--- The data ---

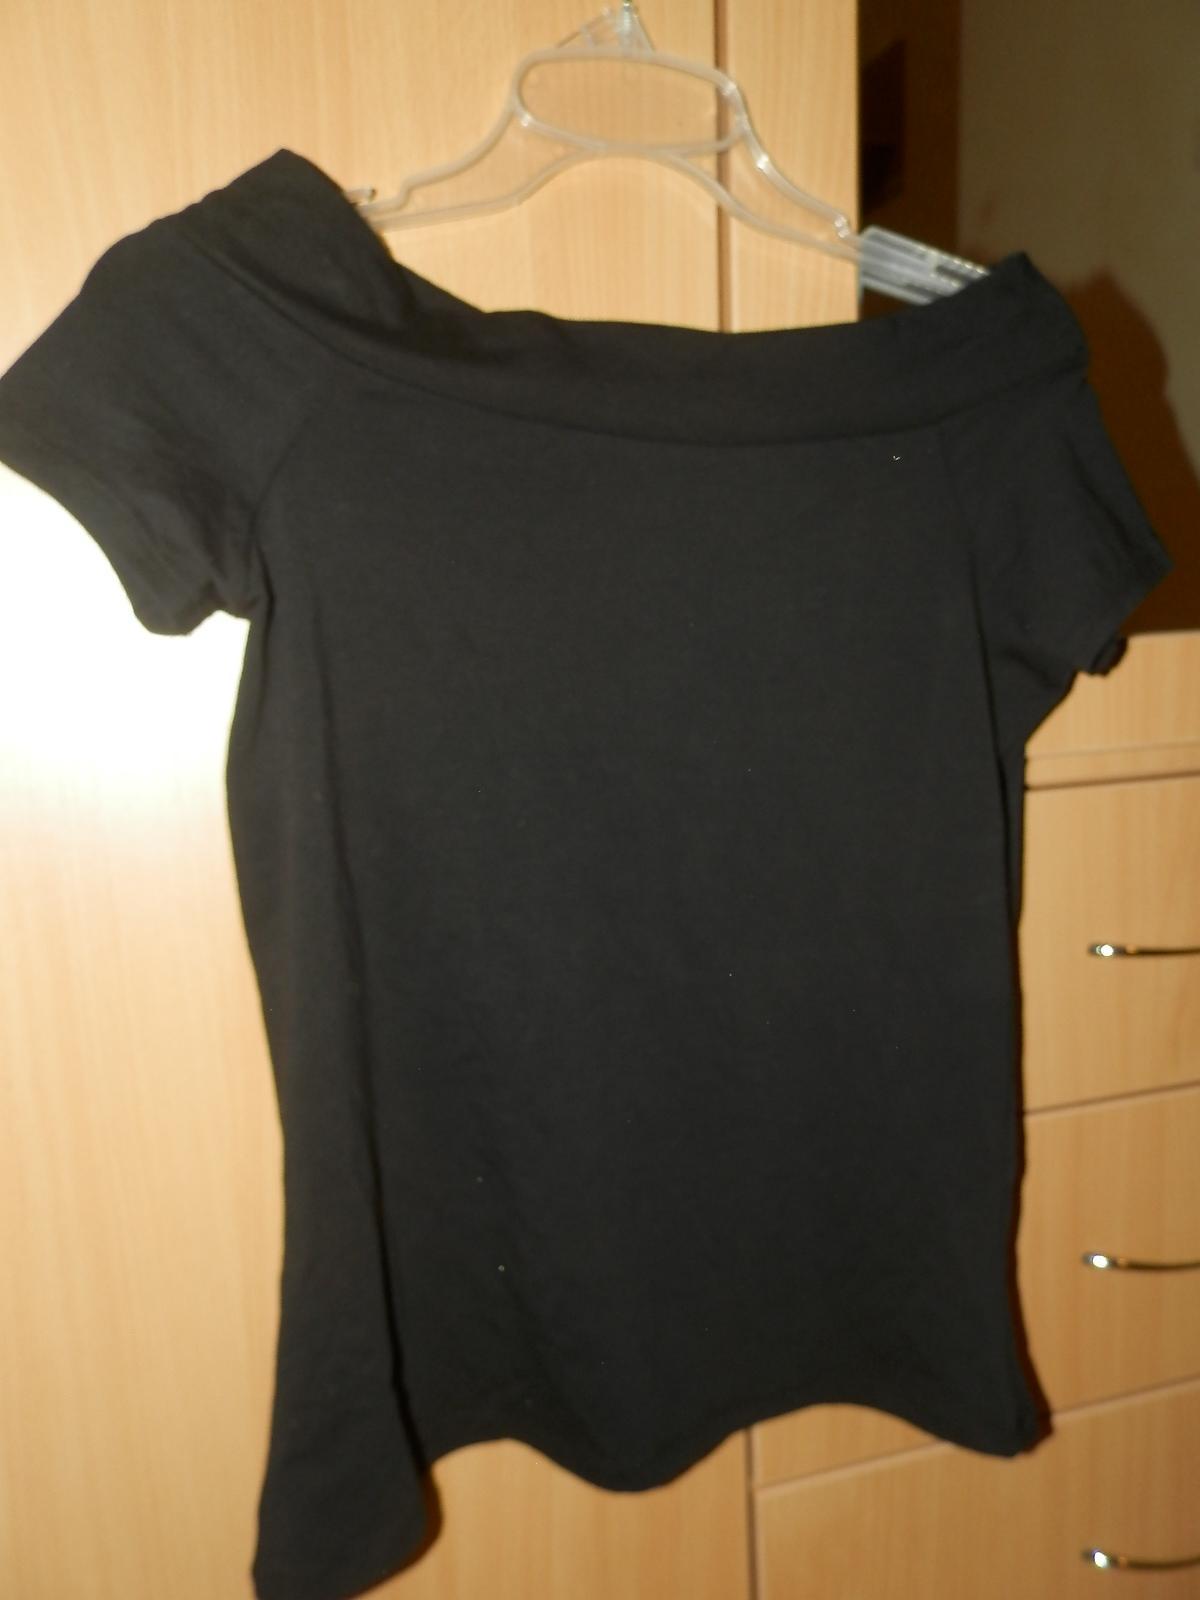 ATMOSPHERE elegantné elastické tričko M/L - Obrázok č. 2
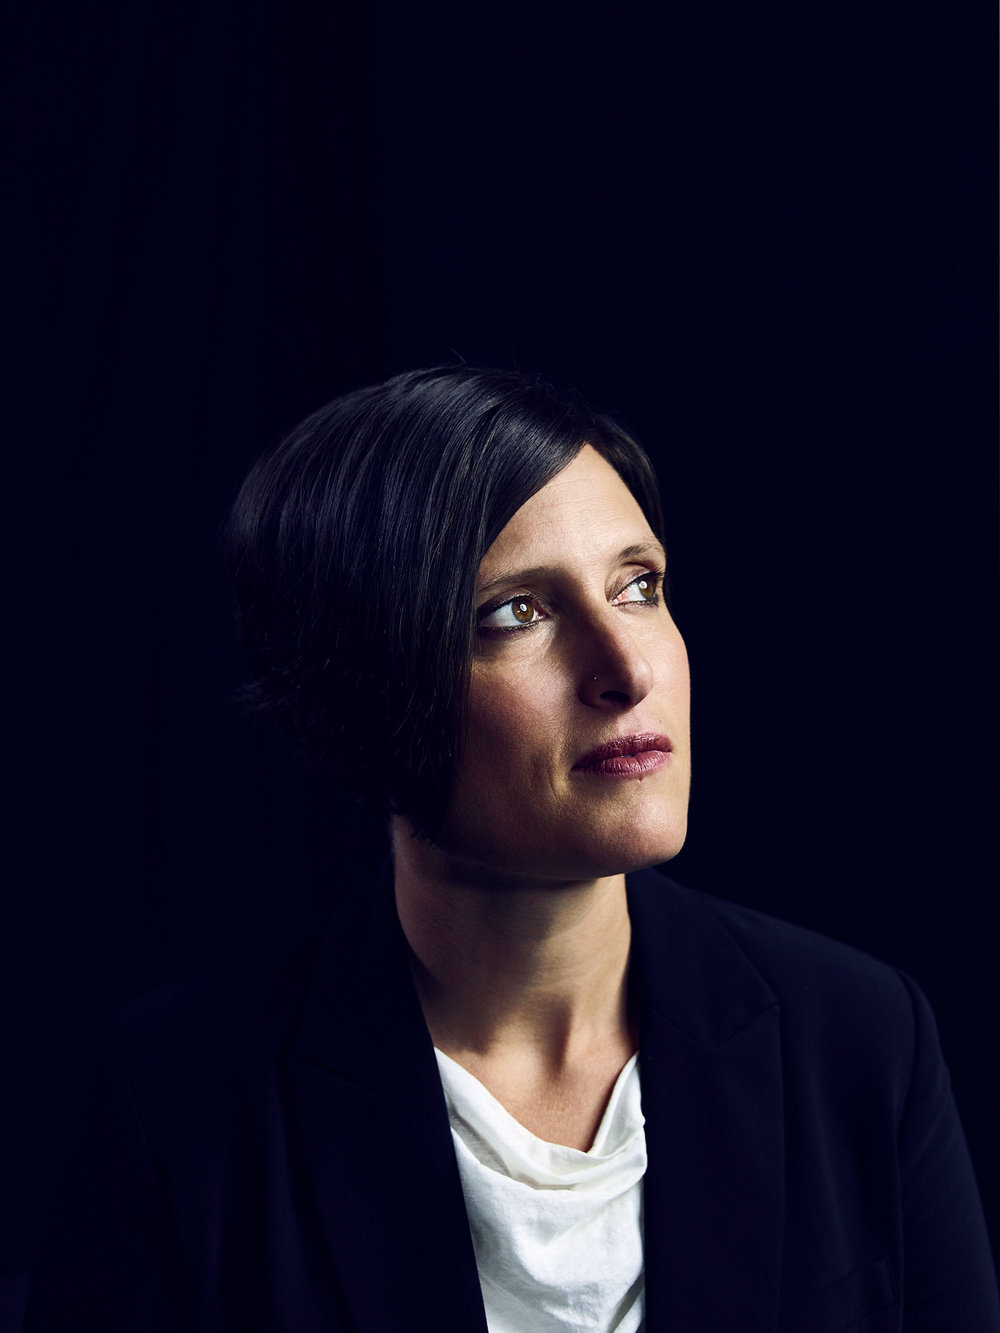 Rachel Morrison, Cinematographer, Los Angeles, California, 2017
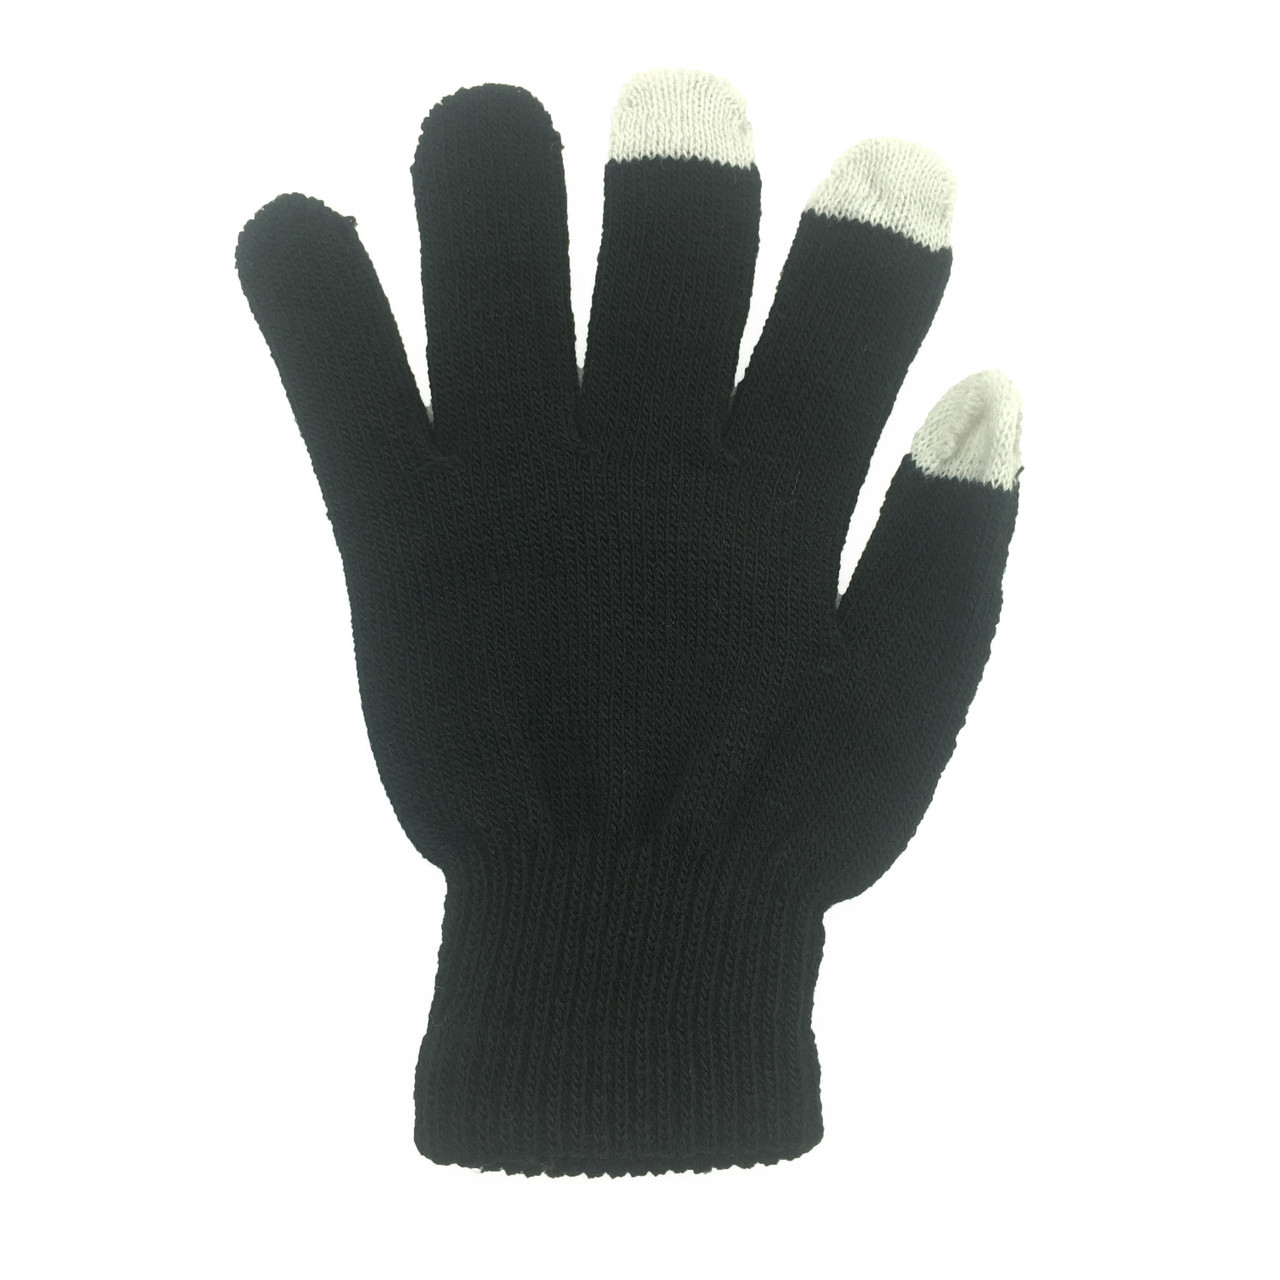 ✅ Перчатки iTouch для сенсорных экранов Black

---

◆ Required work
Copy every line of the listing above exactly. Leave each picture out.

◆ Problem solution
 ATMOSPHERE elegantné elastické tričko M/L - Obrázok č. 2
 Rachel Morrison, Cinematographer, Los Angeles, California, 2017
 ✅ Перчатки iTouch для сенсорных экранов Black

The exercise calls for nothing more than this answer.